Linux (tested on CentOS 7)
Python 3.6
Pytorch >=1.10
Cython

Installation

Install PyTorch 1.1 or later and torchvision following the official instructions.
Clone this repository.

 git clone https://github.com/youshyee/Greatape-Detection.git

Compile cuda extensions.

cd Greatape-Detection
pip install cython
./compile.sh

Install mmdetection toolbox(other dependencies will be installed automatically).

python setup.py install

Please refer to mmdetection install instruction for more details.

Inference

Support single video input or dir of videos
output dir is required

sh tools/dist_infer.sh <GPU_NUM> --input <VIDEO or VIDEO DIR> --config <CONFIG_FILE> --checkpoint <MODEL_PATH> [optinal arguments]

< GPU_NUM> : number of gpu you can use for inference
< VIDEO or VIDEO DIR>: input path of single video or directory of videos.
< CONFIG_FILE >: model configuration files, can be found in configs dir.
< MODEL_PATH >: should be consistent with < CONFIG_FILE >, can be download from available model

Supported arguments are:

--output_dir <WORK_DIR>: output video dir
--tmpdir <WORK_DIR>: tmp dir for writing some results

Train

sh tools/dist_train.sh <GPU_NUM>  <CONFIG_FILE> <PATH/TO/PANAFRICA/TRAINSPLIT>  [optinal arguments]

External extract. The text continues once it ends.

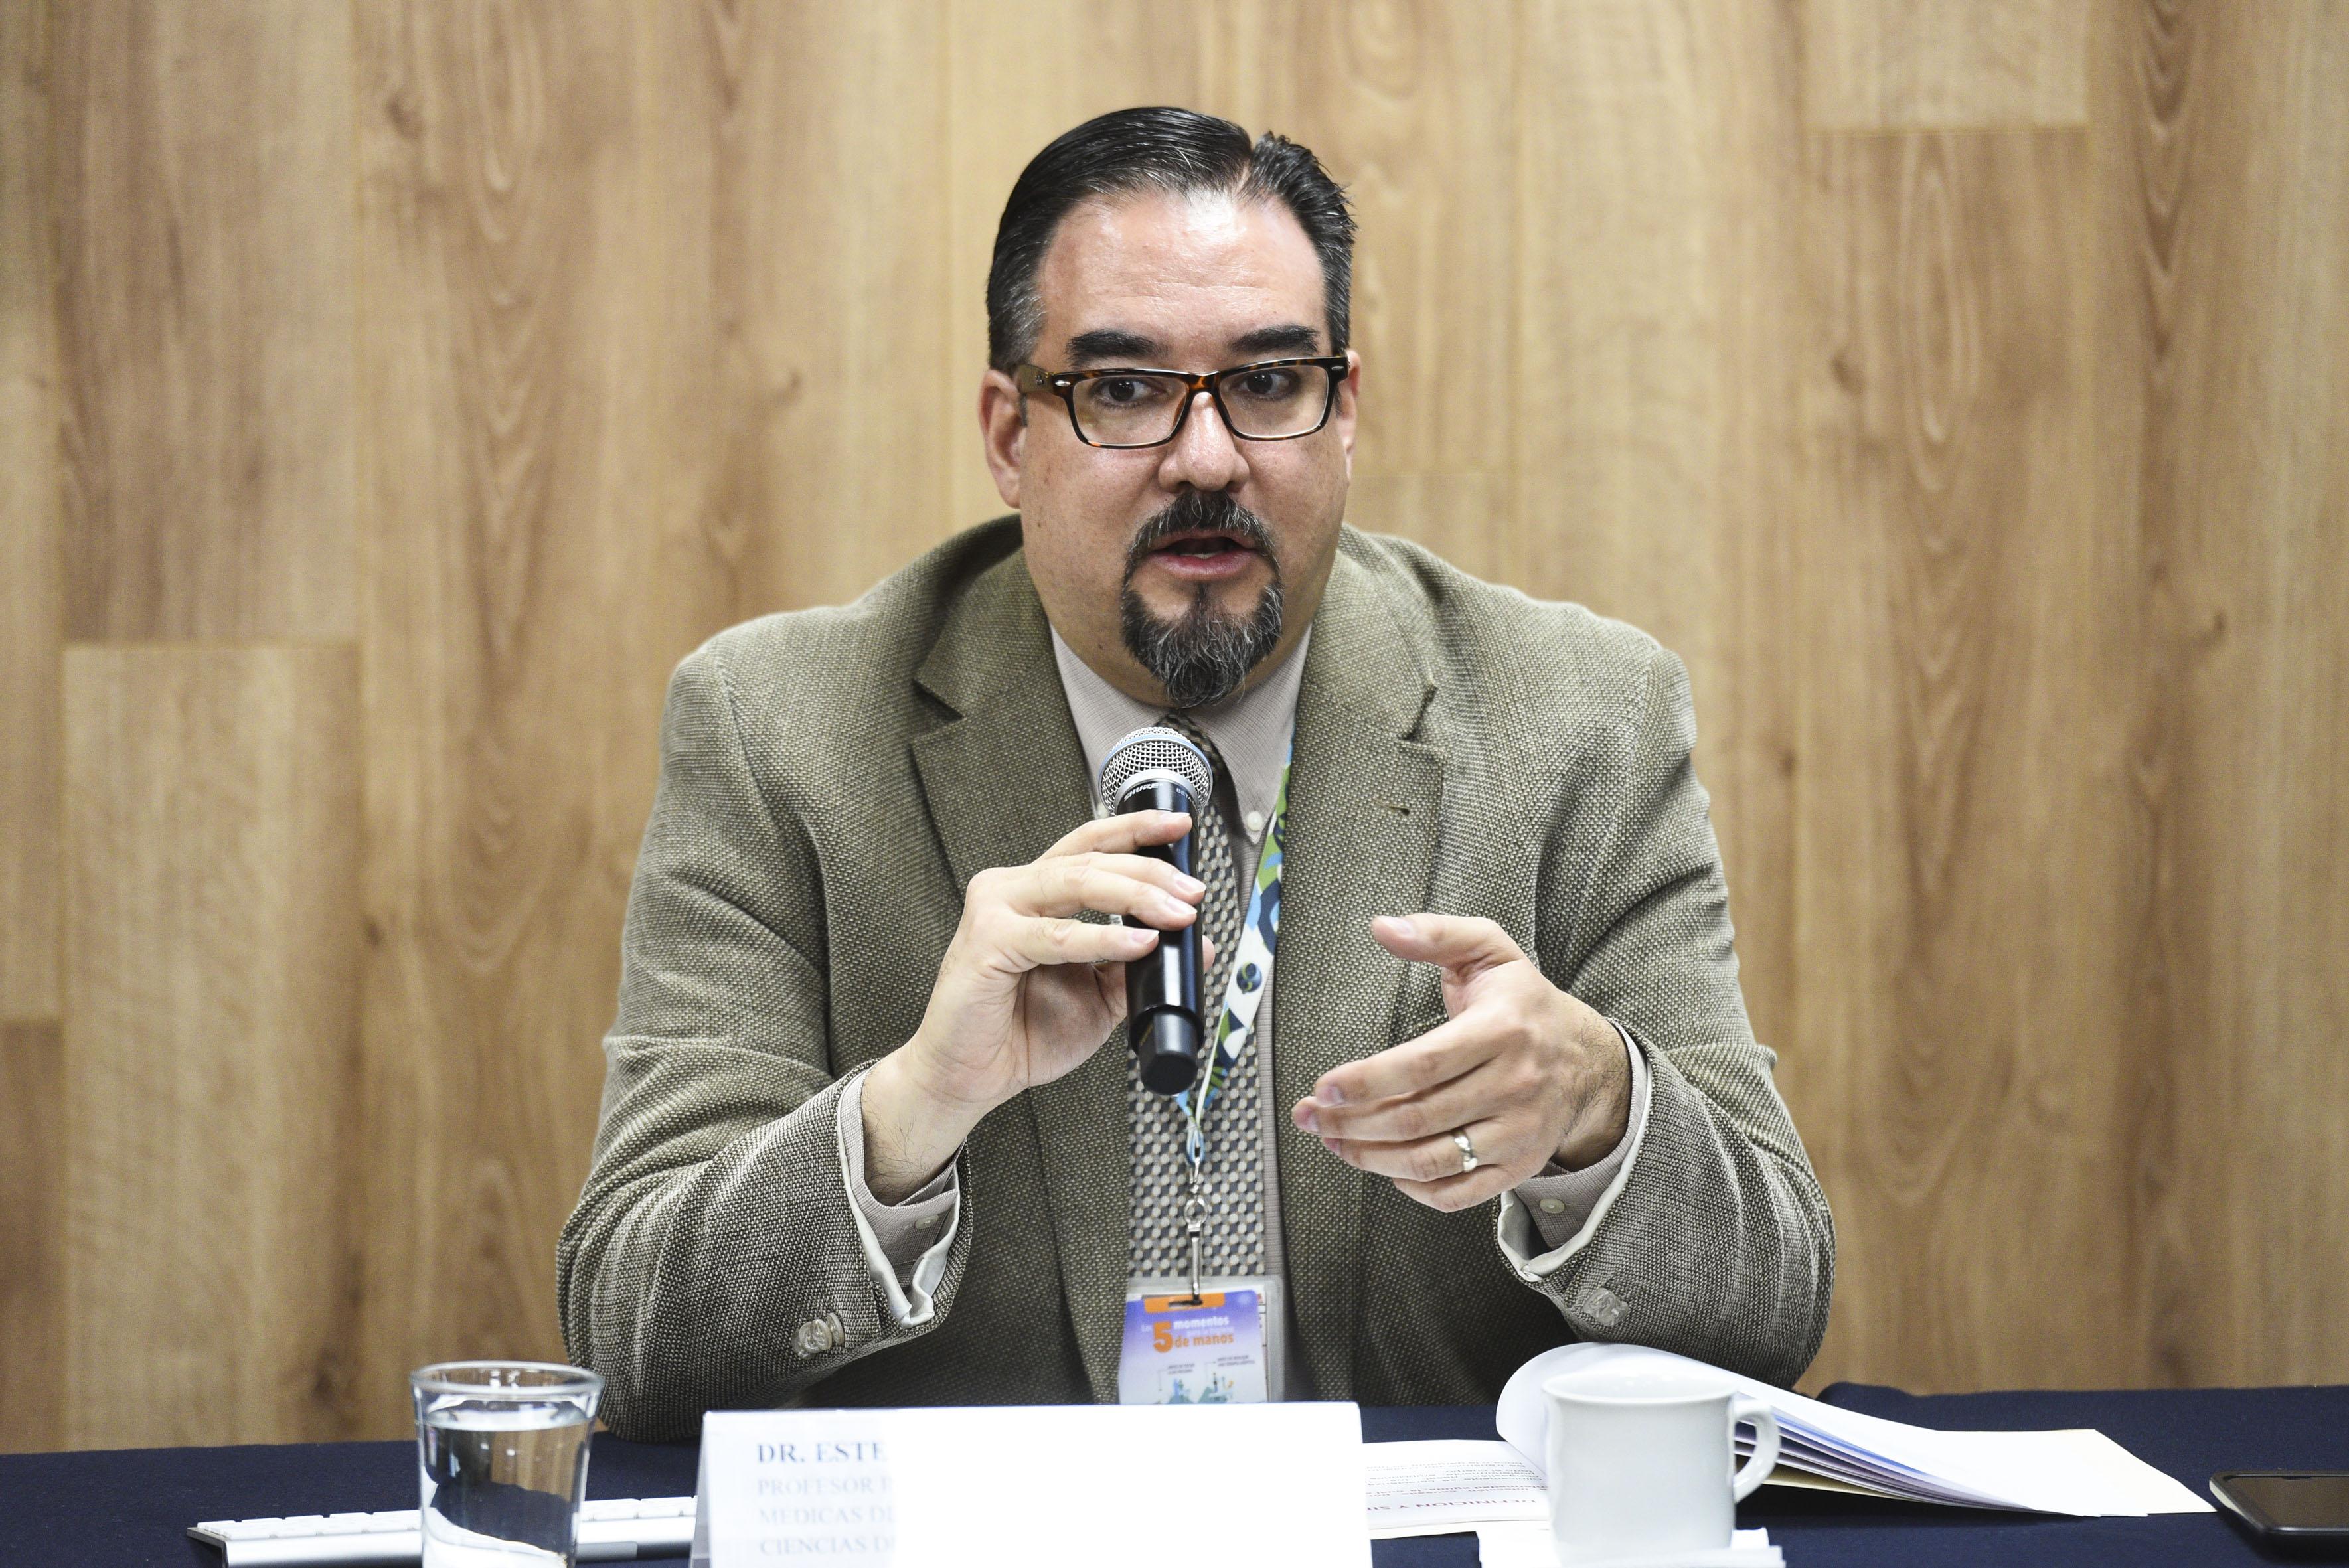 Dr. Esteban González tomando la palabra
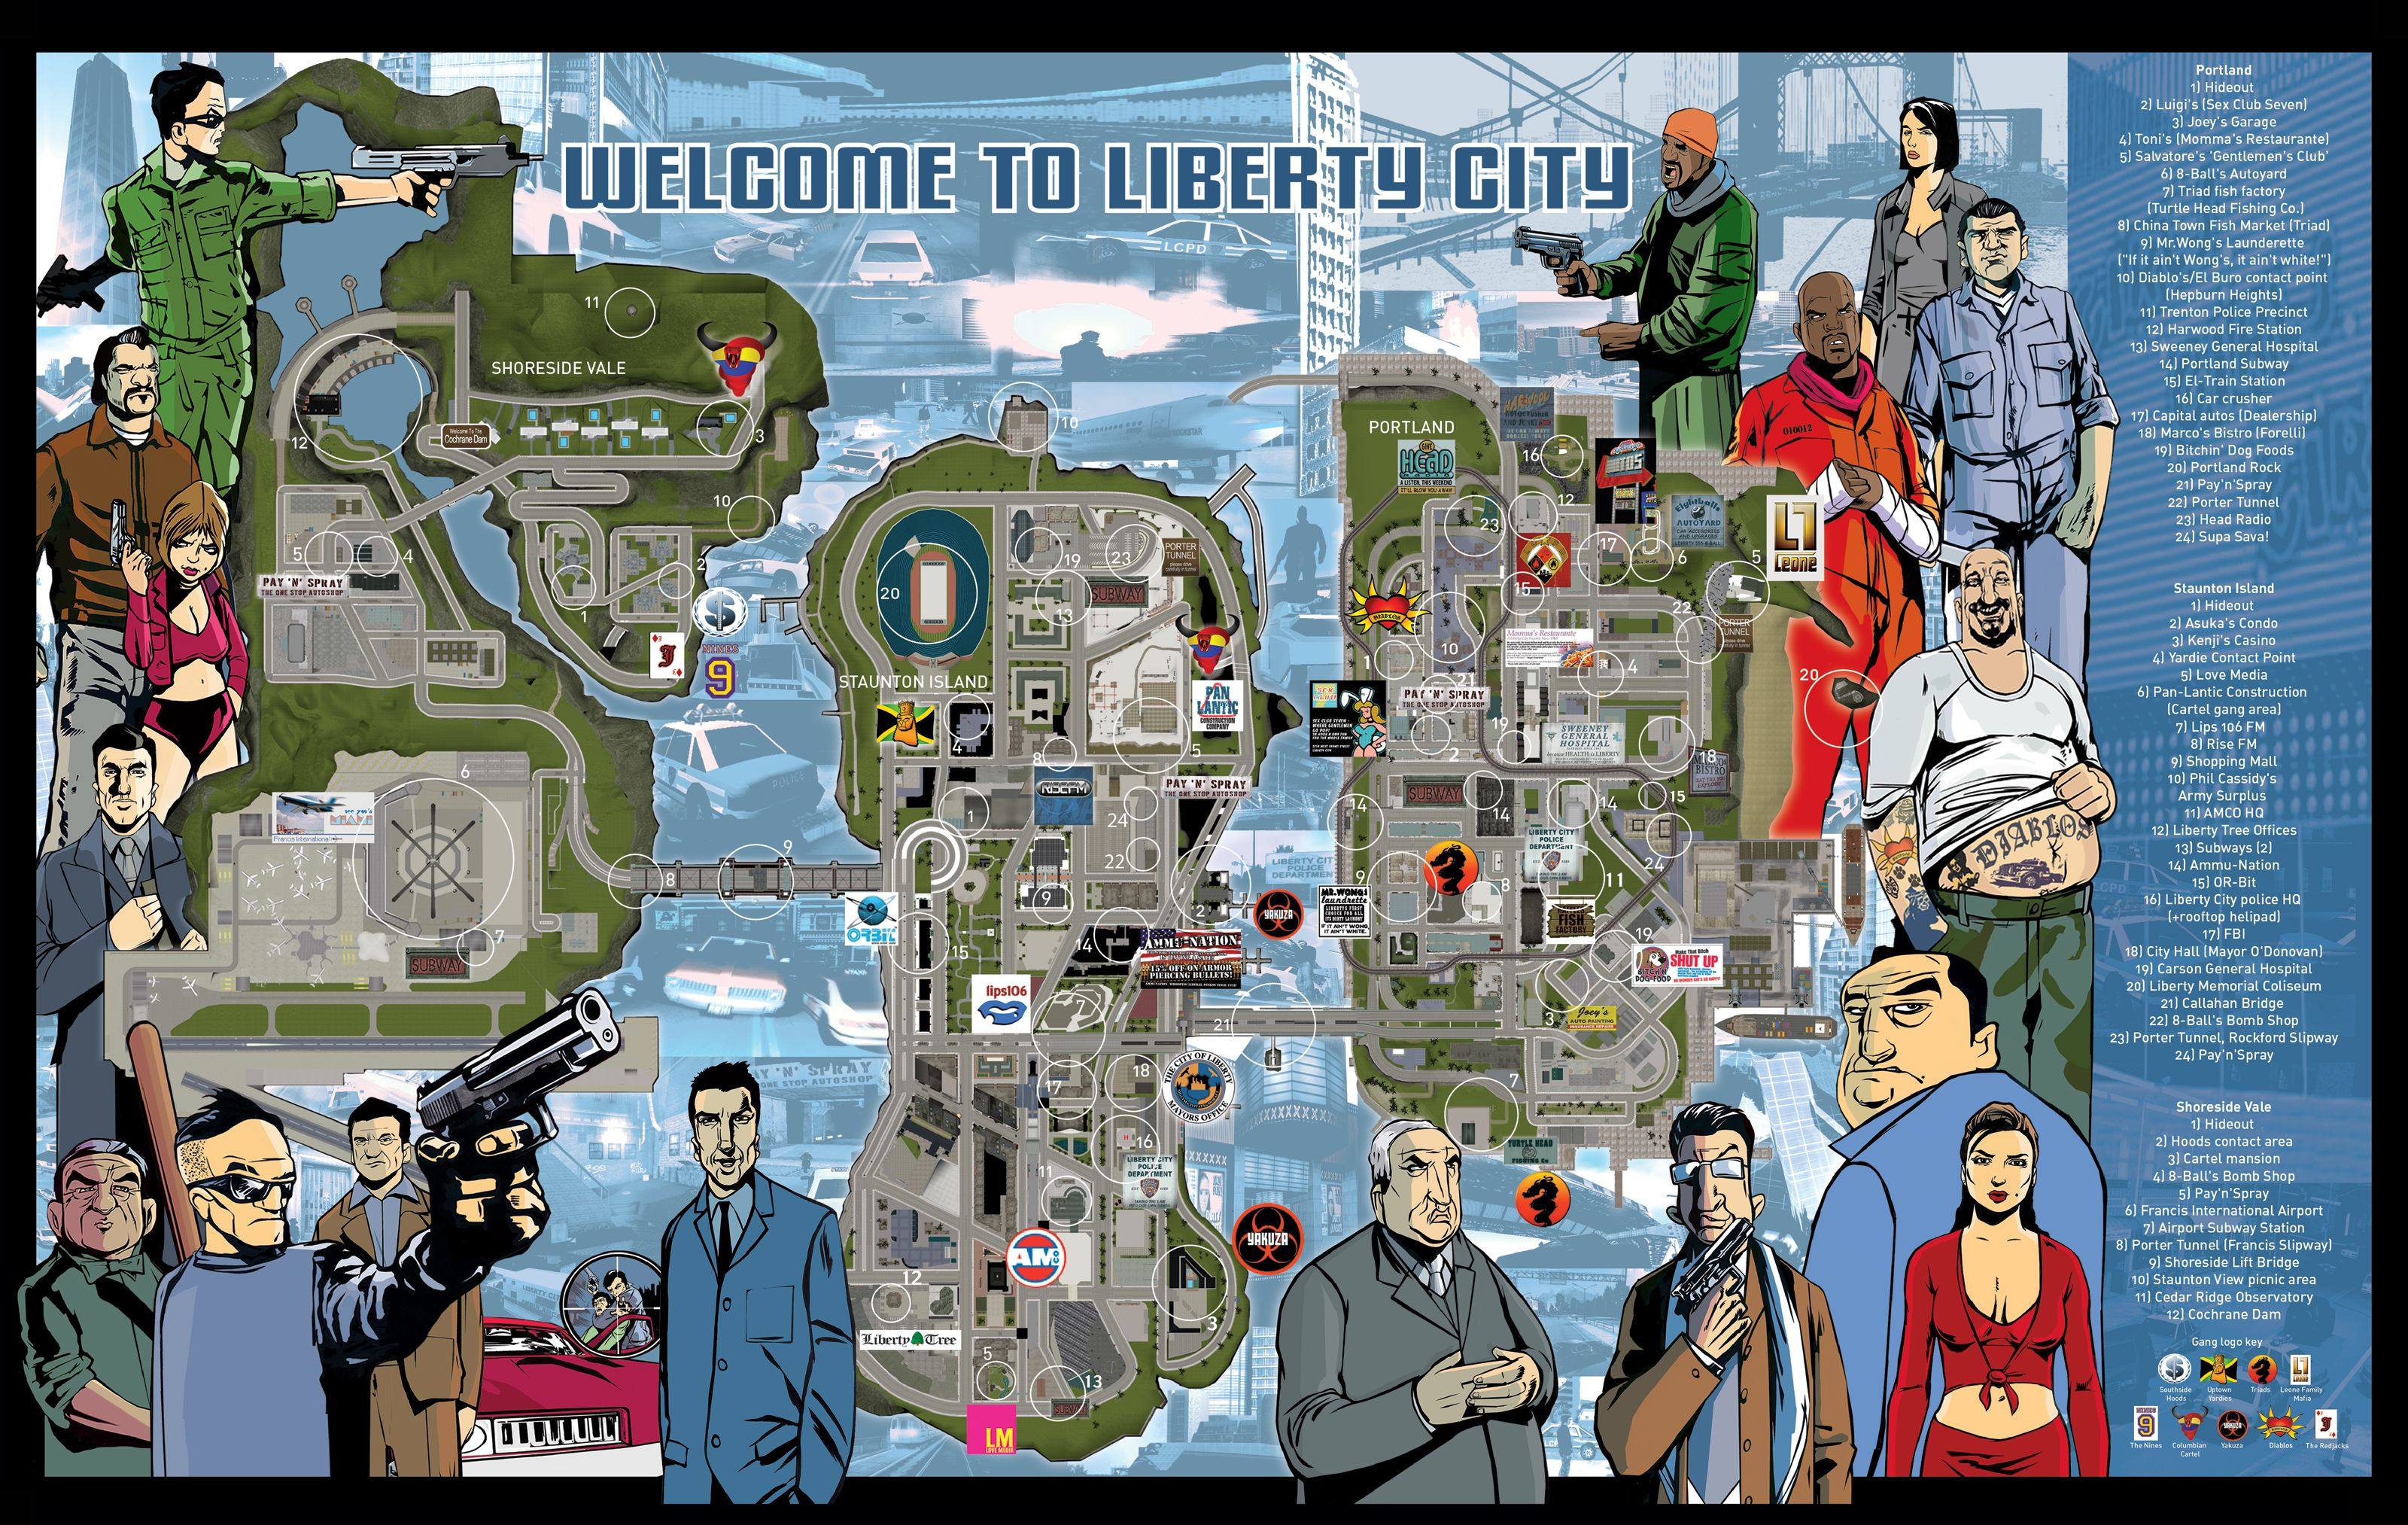 Grand Theft Auto 5 Ausmalbilder : Gta 3 Google Search Grand Theft Auto Pinterest Gta Grand

< GPU_NUM> : number of gpu you can use for inference
< CONFIG_FILE >: model configuration files, can be found in configs dir.
< PATH/TO/PANAFRICA/TRAINSPLIT >: the path of training set split: train.txt

[optinal arguments]

--checkpoint < MODEL_PATH >
--work_dir < WORKDIR >: the dir to save logs and models
--resume_from: < CHECKPOINT >: the checkpoint file to resume from
--validate: whether to evaluate the checkpoint during training
-test: whether to test final model after training

Dataset

Please download the dataset make sure your folder structure like this

Greatape-detection
├── PanAfrica
│   ├── videos
│   │   ├── 0FhliLmQri.mp4
│   │   ├── 0FUP9Wc3pg.mp4
│   │   ├── ...
│   │   ├── ZZ5rZm8j3M.mp4
│   ├── videoframes
│   │   ├── 0FhliLmQri
│   │   │   ├── 000000.jpg
│   │   │   ├── 000001.jpg
│   │   │   ├── ...
│   │   ├── 0FUP9Wc3pg
│   │   ├── ...
│   │   ├── ZZ5rZm8j3M
│   ├── annotations
│   │   ├── 0FhliLmQri
│   │   │   ├── 0FhliLmQri_frame_1.xml
│   │   │   ├── 0FhliLmQri_frame_2.xml
│   │   │   ├── ...
│   │   ├── 0FUP9Wc3pg
│   │   ├── ...
│   │   ├── ZZ5rZm8j3M
│   ├── splits
│   │   ├── all.txt
│   │   ├── train.txt
│   │   ├── test.txt
│   │   ├── val.txt